If any one of these is missing, you'll get a confusing error message and lose half an hour to debugging, don't ask me how I know that.
The function signature
Once the extension is installed, you get a new schema called aws_lambda with an invoke function:
aws_lambda.invoke(
function_name TEXT | aws_commons._lambda_function_arn_1,
payload JSONB,
region TEXT DEFAULT NULL,
invocation_type TEXT DEFAULT 'RequestResponse',
log_type TEXT DEFAULT 'None',
context JSONB DEFAULT NULL,
qualifier TEXT DEFAULT NULL
) RETURNS (status_code INT, payload JSONB, executed_version TEXT, log_result TEXT)The invocation_type parameter is the most interesting one. With the default 'RequestResponse', the SQL query waits for the Lambda to finish and returns the response payload back to you. With 'Event', the call is a fire-and-forget, so the database doesn't wait for a response, which is what you want for things like notifications or background processing where you don't care about the return value.
The function returns a row with the HTTP-style status code, the JSON payload from the Lambda, the version that was executed, and an optional log result. So you can do things like check status_code = 200 directly in your SQL.
A concrete example
Here's a real example - a query that aggregates meter readings from a table and sends them to a Lambda function for processing:
SELECT * FROM aws_lambda.invoke(
aws_commons.create_lambda_function_arn(
'arn:aws:lambda:us-east-1:600238737408:function:rds-invoke',
'us-east-1'
),
(
SELECT jsonb_build_object(
'meter_readings',
jsonb_agg(row_to_json(mr) ORDER BY mr.reading_timestamp DESC)
)
FROM (
SELECT id, reading_timestamp, value
FROM meter_readings AS mr
) AS mr
)
);The aws_commons.create_lambda_function_arn helper builds a properly-typed reference to your function (you can also pass a regular TEXT ARN as the first argument to invoke if you prefer). The second argument is the JSONB payload, which in this case is constructed by aggregating rows from meter_readings into a JSON object.
The Lambda receives this payload exactly as it would if you'd called Invoke from the AWS SDK, and it can return any JSON it wants. That JSON shows up in the payload column of the result.
Where it works well
If your use case fits, this is a pretty clean pattern:
- The setup is simple once the prerequisites are in place. No intermediate services, no glue Lambda just to forward data, no Kafka topic to manage.
- Both sync and async invocations are supported via the
invocation_typeparameter. Sync is great for "transform this data and write the result back" workflows. Async is great for fire-and-forget notifications. - It's a regular SQL function, which means you can call it from triggers, stored procedures, scheduled jobs (e.g. with
pg_cron), or just ad-hoc from a SQL client. Wherever you can run SQL, you can invoke a Lambda.
Where it falls down
There are real limits, and they're the reason we ended up choosing a different approach for our specific use case:
- Concurrent Lambda invocations are a real concern. If your SQL is firing many invocations per second (e.g. a trigger on a high-write table), you can blow through your account's concurrent Lambda limit very quickly, and the failures will cascade back into your SQL transactions.
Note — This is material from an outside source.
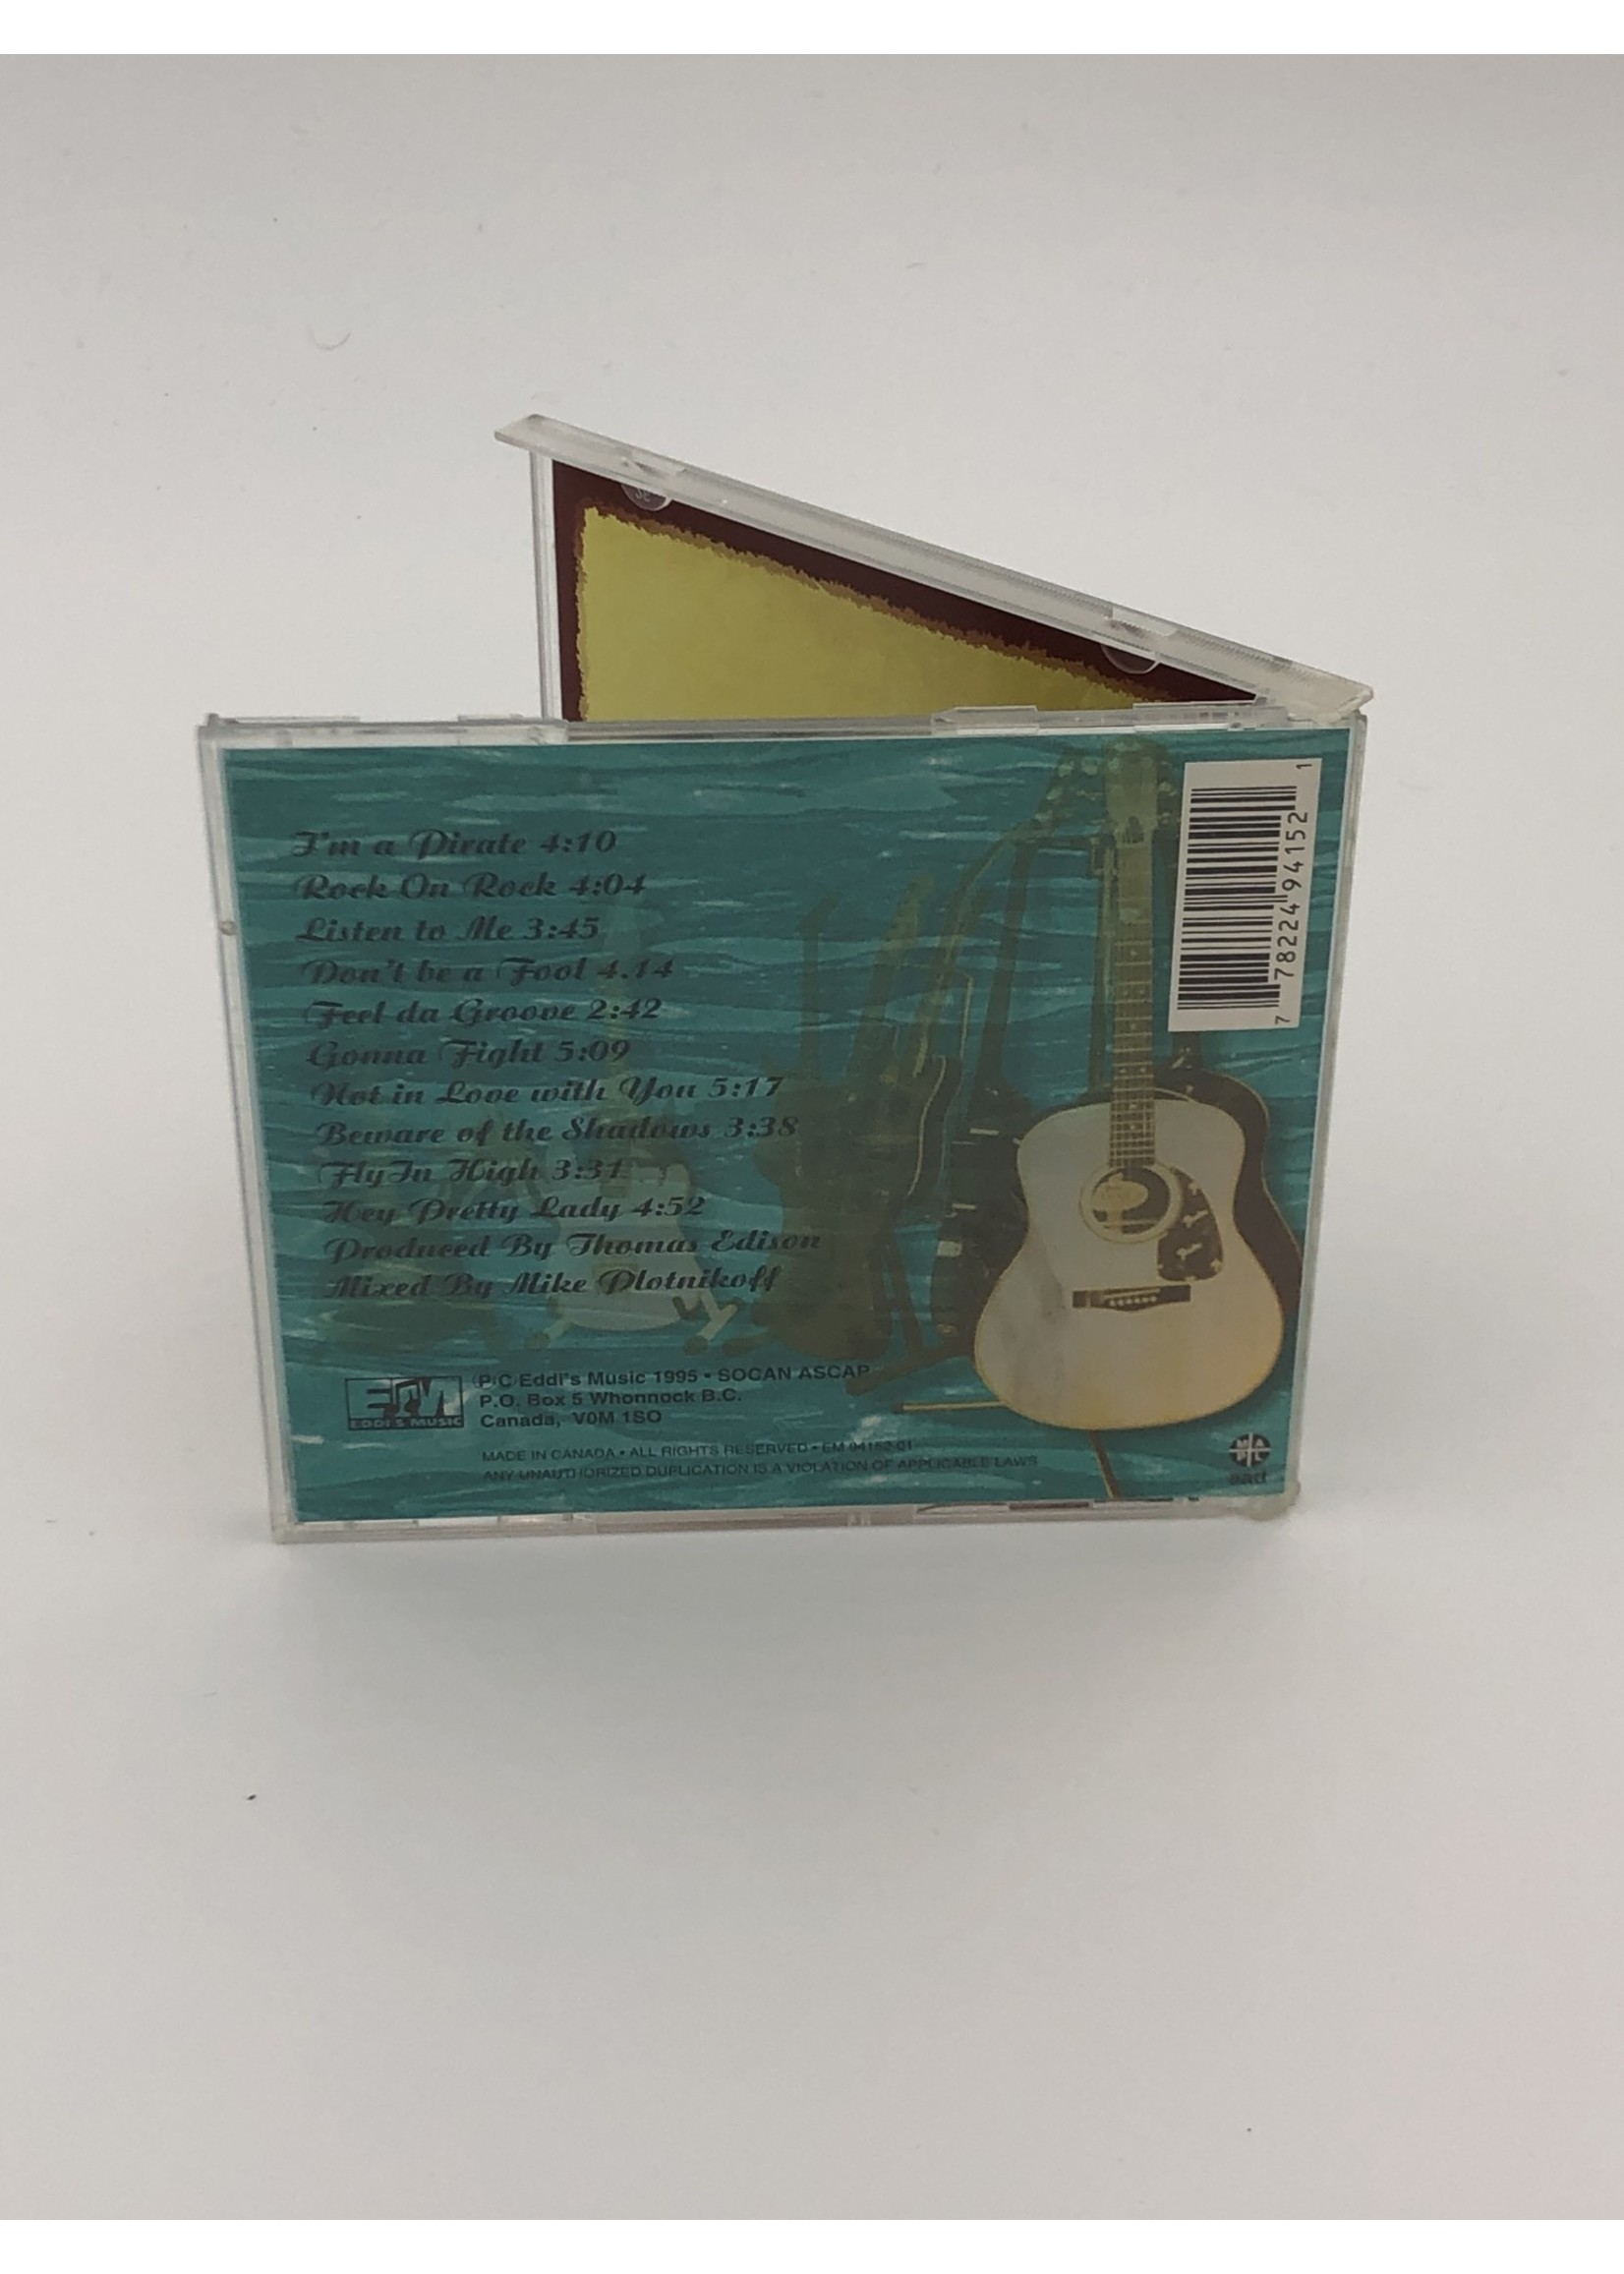 CD Edison: Pirate CD

- High-throughput scenarios produce a lot of invocations. Every row-level call is a Lambda invocation, billed individually, and that adds up fast in busy systems. Batching helps but it's pretty tricky to properly express it in the existing SQL queries (if they're not really batched)
- You can't target other AWS services directly. The
aws_lambdaextension only invokes Lambda - if you want to push events to MSK, Kinesis, or EventBridge from inside the database, you have to go through a Lambda function as an intermediary. That's an extra component in the path you may not want.
For our CDC use case, where we needed to stream every change to multiple downstream consumers reliably, those limits made it the wrong choice and we ended up moving to MSK Connect + Debezium. But for lower-volume scenarios e.g. "send a notification when this row gets inserted", "transform this data via Lambda and write the result back into the same query", the aws_lambda extension can be a really effective and simple choice vs overengineering it with Step Functions or a full blown CDC pipeline.
Summary
While we didn't end up using it in prod, I still think that aws_lambda extension is a feature that can really shine in the right scenario and its really good to have it in your toolbelt, just remember to be aware of it's limitations. Thanks for reading!